» **HOW TO COMPLETE THIS TASK**:
Return only the lines below starting at the line containing "Flowers of lilac" and ending at the line containing "<p>The <strong>Taj Mahal</strong>", both included, exactly as they are and with no pictures.

» **SOURCE DATA**:
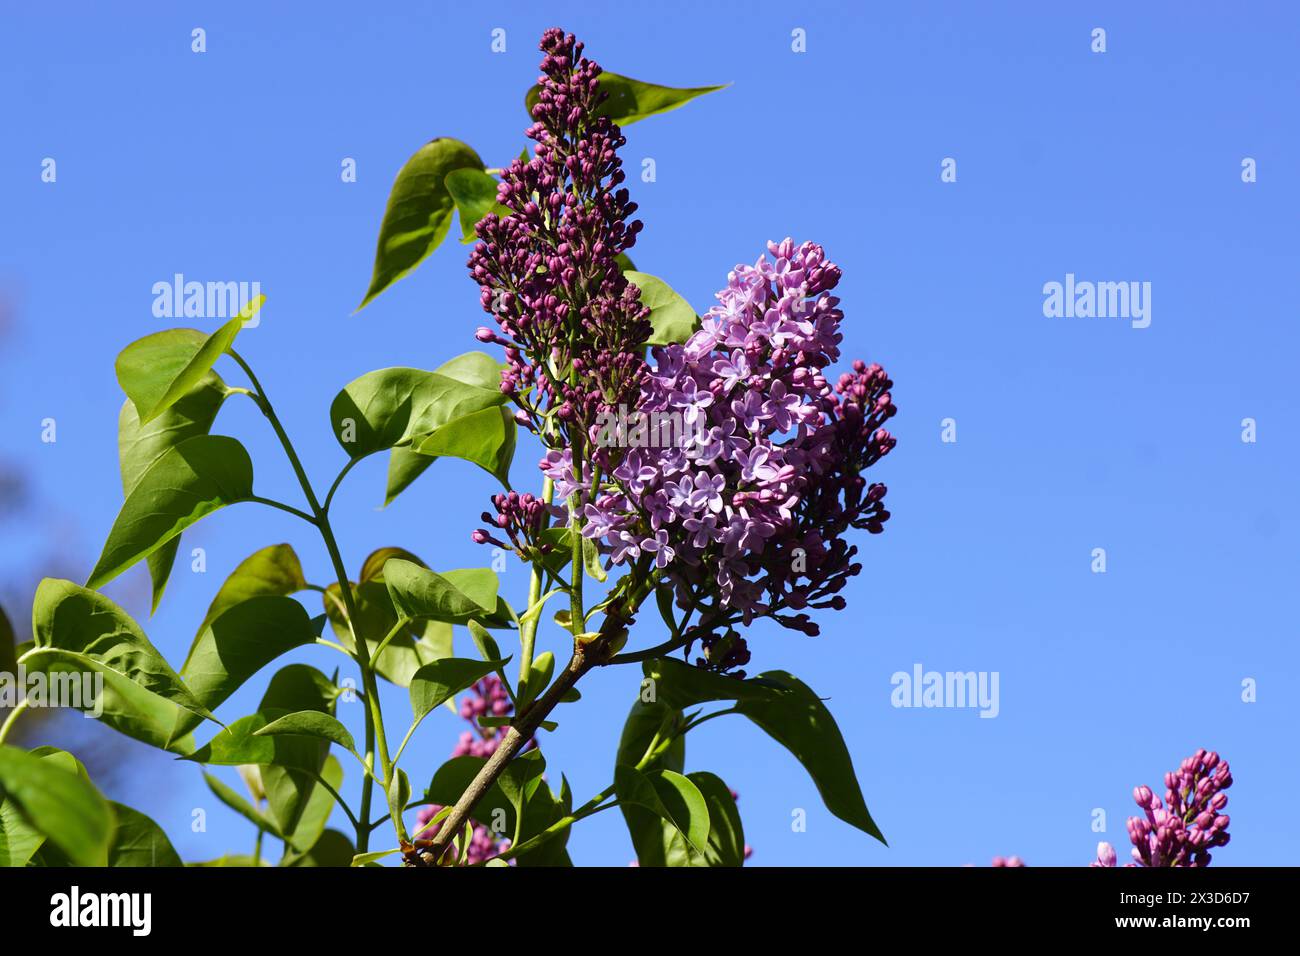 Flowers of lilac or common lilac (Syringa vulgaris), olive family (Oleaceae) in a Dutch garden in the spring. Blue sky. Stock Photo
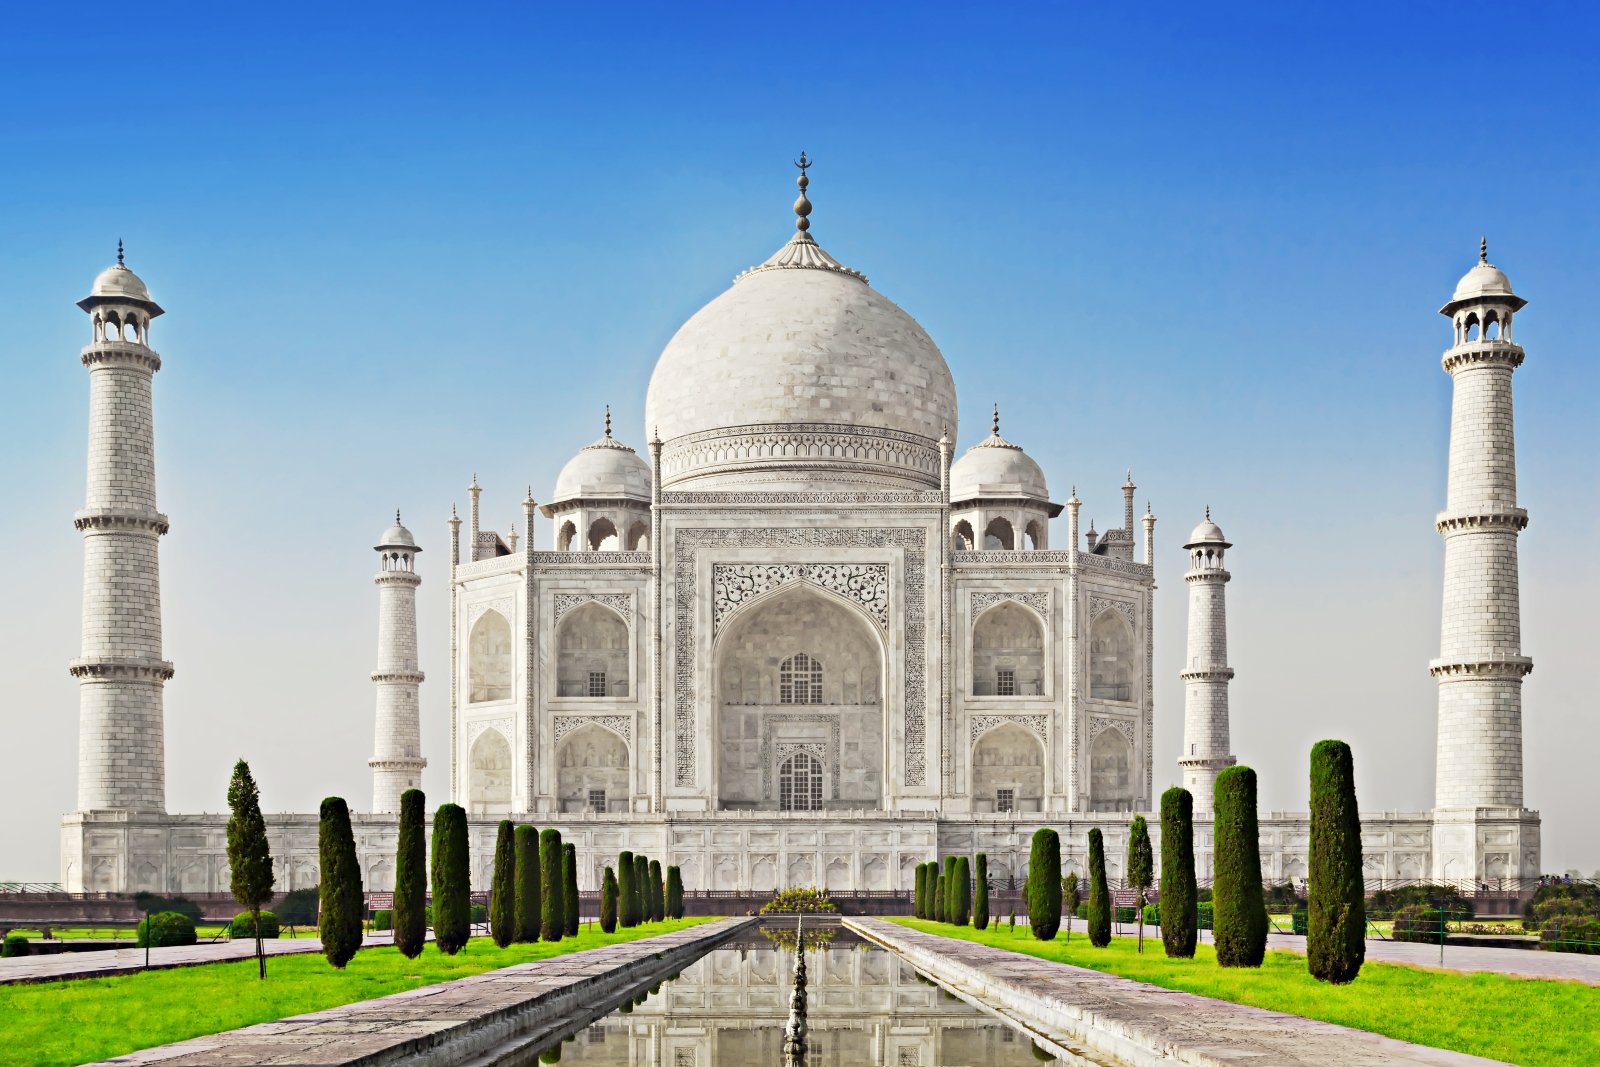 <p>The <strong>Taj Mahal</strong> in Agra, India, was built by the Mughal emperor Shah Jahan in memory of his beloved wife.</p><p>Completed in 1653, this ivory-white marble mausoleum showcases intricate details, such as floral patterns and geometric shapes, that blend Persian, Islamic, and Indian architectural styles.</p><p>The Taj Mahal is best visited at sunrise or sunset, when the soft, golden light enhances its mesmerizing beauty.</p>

...

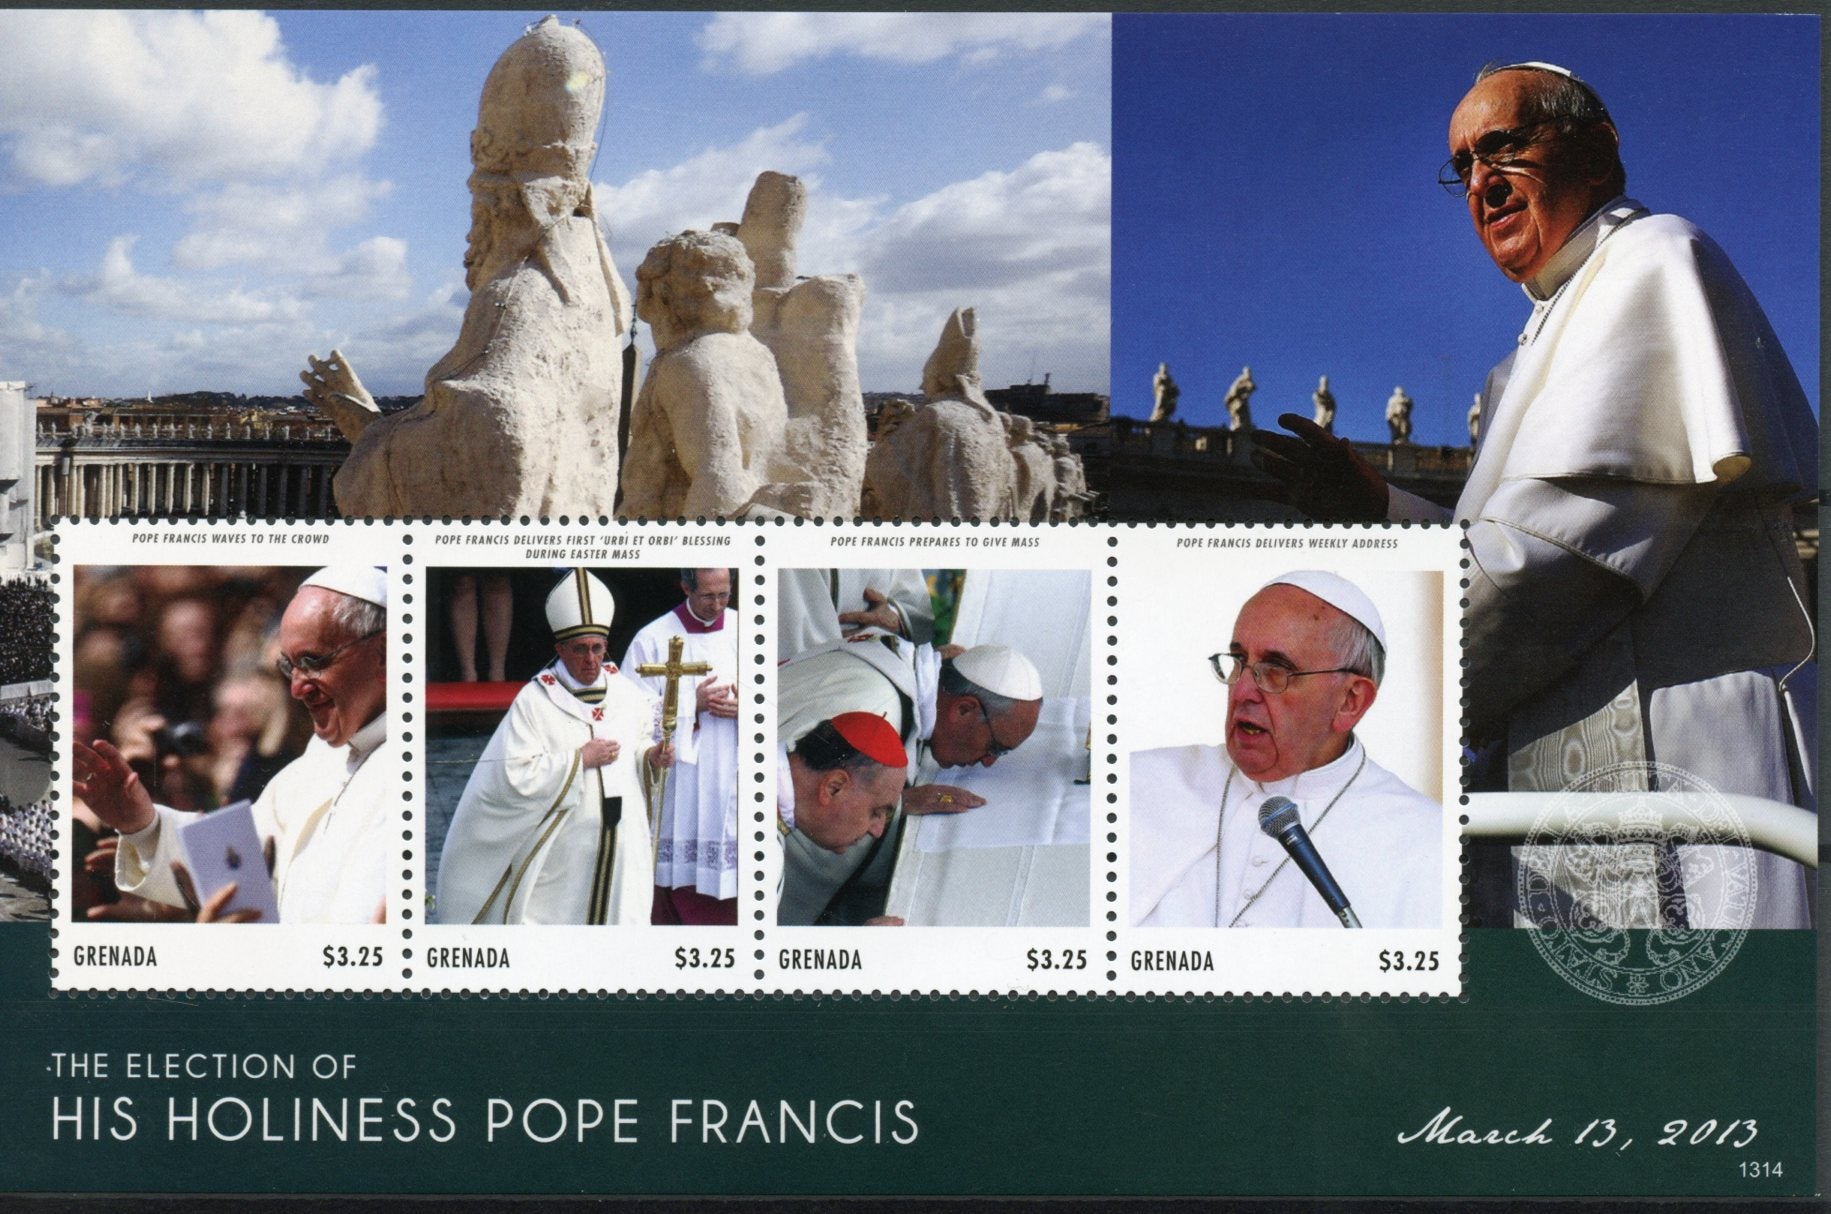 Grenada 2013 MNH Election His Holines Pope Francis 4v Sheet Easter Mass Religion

---

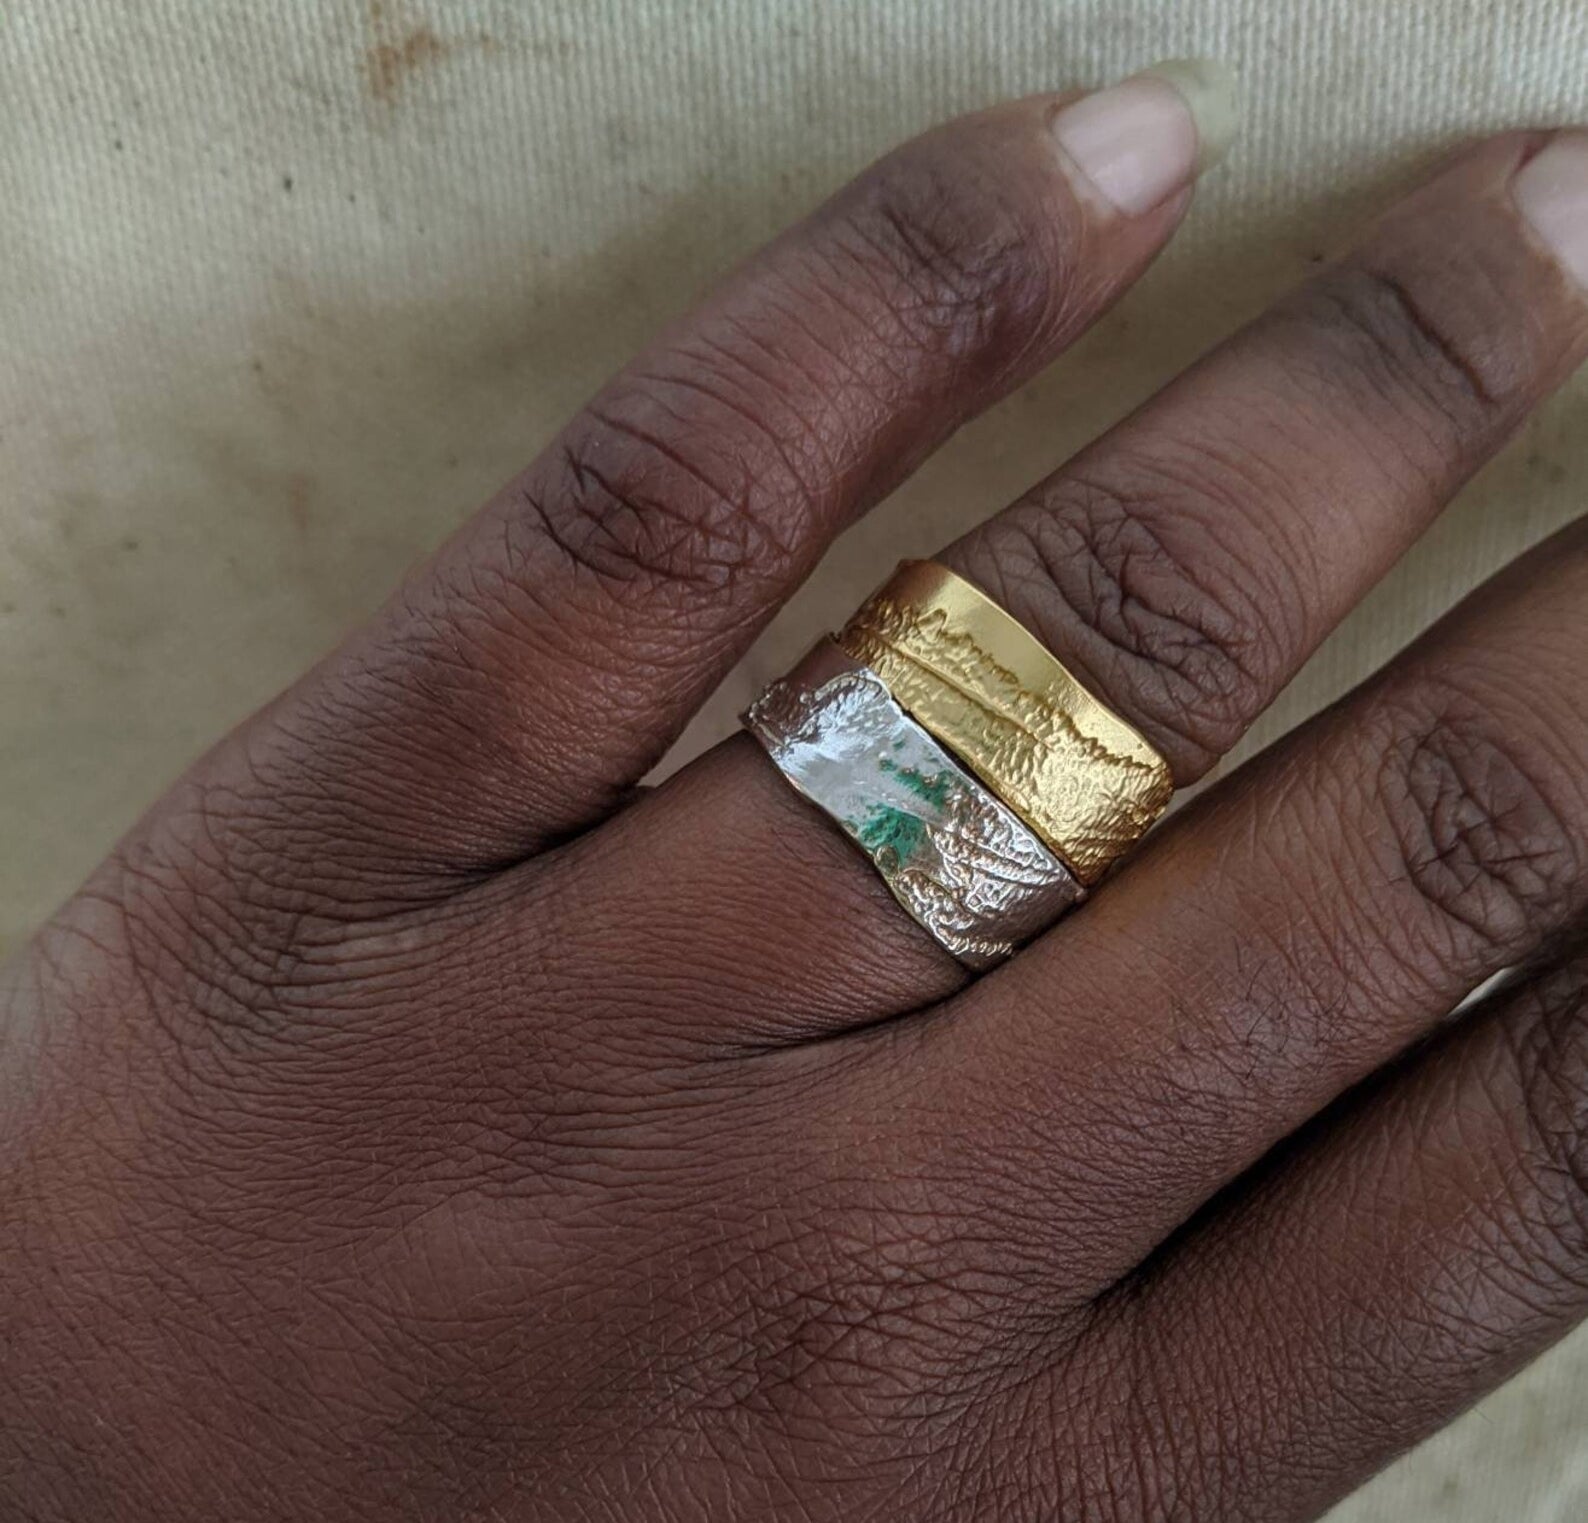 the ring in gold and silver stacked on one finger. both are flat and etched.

» **ANSWER BOX**:
 Flowers of lilac or common lilac (Syringa vulgaris), olive family (Oleaceae) in a Dutch garden in the spring. Blue sky. Stock Photo
 <p>The <strong>Taj Mahal</strong> in Agra, India, was built by the Mughal emperor Shah Jahan in memory of his beloved wife.</p><p>Completed in 1653, this ivory-white marble mausoleum showcases intricate details, such as floral patterns and geometric shapes, that blend Persian, Islamic, and Indian architectural styles.</p><p>The Taj Mahal is best visited at sunrise or sunset, when the soft, golden light enhances its mesmerizing beauty.</p>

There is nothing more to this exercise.